In the case of the above invention, it is preferred that the synchronization control unit further comprises:
a unit of packetizing the positional information in a particular format and transmitting the packetized positional information;
a unit of transmitting the packetized data through a network or a transmission bus in a particular device;
a unit of receiving and depacketizing the packetized data; and
a unit of receiving the depacketized data and generating an image.
In the case of the above invention, it is preferred that the synchronization control unit transmits and receives signals among the respective units in accordance with UDP (User Datagram Protocol).
In the case of the above invention, it is preferred that the positional information of the vehicle includes information about any of XYZ coordinates of road surface absolute position coordinates of the vehicle, XYZ coordinates of road surface absolute position coordinates of tires, Euler angles of own vehicle and a wheel rotation angle.
In the case of the above invention, it is preferred that the image generation unit is provided with a unit of synthesizing a three-dimensional profile of the vehicle by computer graphics.
In the case of the above invention, it is preferred that, as the above vehicle, a plurality of vehicles are set up for each of which the recognition function operates, that
the positional information calculation unit changes/modifies the positional information of each of the plurality of vehicles by the use of information about the recognition result of the recognition unit, and that
the synchronization control unit controls synchronization among the positional information acquisition unit, the image generation unit, the image recognition unit and the positional information calculation unit for each of the plurality of vehicles.
In the case of the above invention, it is preferred that the image generation unit is provided with a unit of generating a different image for each sensor unit.
Also, in the case of the above invention, it is preferred that there is provided, as the sensor unit, with any or all of an image sensor, a LiDAR sensor, a millimeter wave sensor and an infrared sensor.
In the case of the above invention, it is preferred that the simulation system is provided with a unit of generating images corresponding to a plurality of sensors, a recognition unit supporting the generated images, a unit of performing the synchronization control by the use of the plurality of the recognition results.
In the case of the invention related to the simulation system, the program and the method, it is further preferred that the above invention of the image generation system, the image generation program and the image generation method are provided as the image generation unit as described above, and that
the depth image generated by the depth image generation unit of the image generation system is input to the image recognition unit as the simulation image.

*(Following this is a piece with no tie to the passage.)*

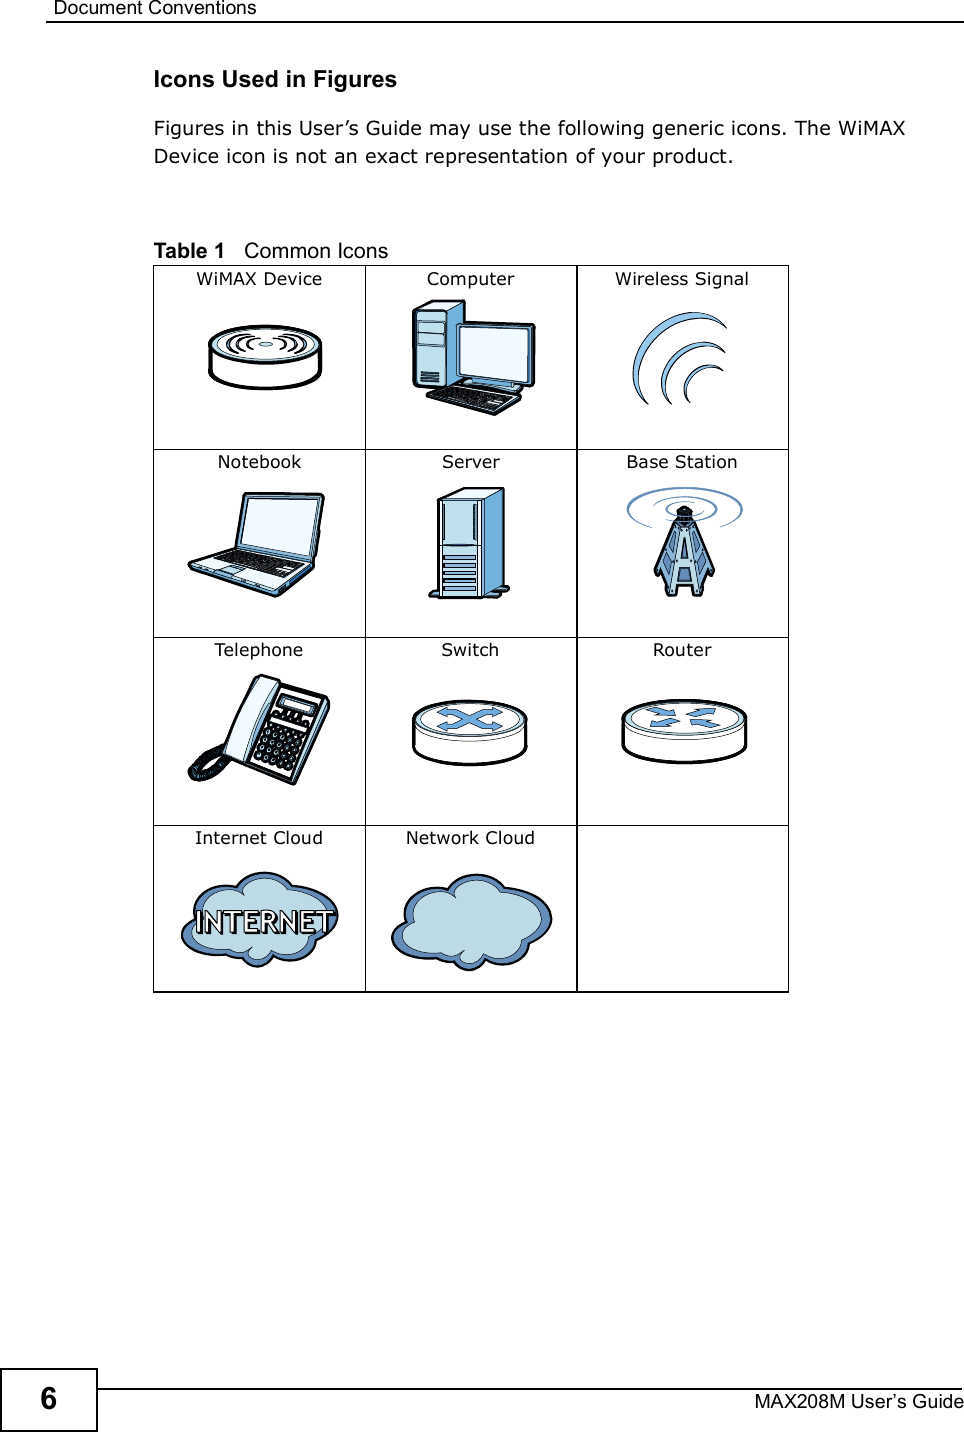 Document ConventionsMAX208M User s Guide6Icons Used in FiguresFigures in this User s Guide may use the following generic icons. The WiMAX Device icon is not an exact representation of your product.Table 1   Common IconsWiMAX Device ComputerWireless SignalNotebookServerBase StationTelephoneSwitchRouterInternet CloudNetwork Cloud

As has been discussed above, in accordance with the above inventions, it is possible for learning of a recognition function module such as deep learning (machine learning) to increase the number of samples by artificially generating images such as CG images which are very similar to actually photographed images and improve the recognition rate by increasing learning efficiency.
Specifically, in accordance with the present invention, it is possible to artificially and infinitely generate images with a light source, an environment and the like which are do actually not exist by making use of a means for generating and as synthesizing CG images with high reality on the basis of a simulation model. Test can be conducted as to whether or not target objects can be recognized and extracted by inputting the generated images to the recognition function module in the same manner as inputting conventional camera images, and performing the same process with the generated images as with the camera images, and therefore it is possible to perform learning with such types of images as conventionally difficult or impossible to acquire or take, and furthermore to effectively improve the recognition rate by increasing learning efficiency.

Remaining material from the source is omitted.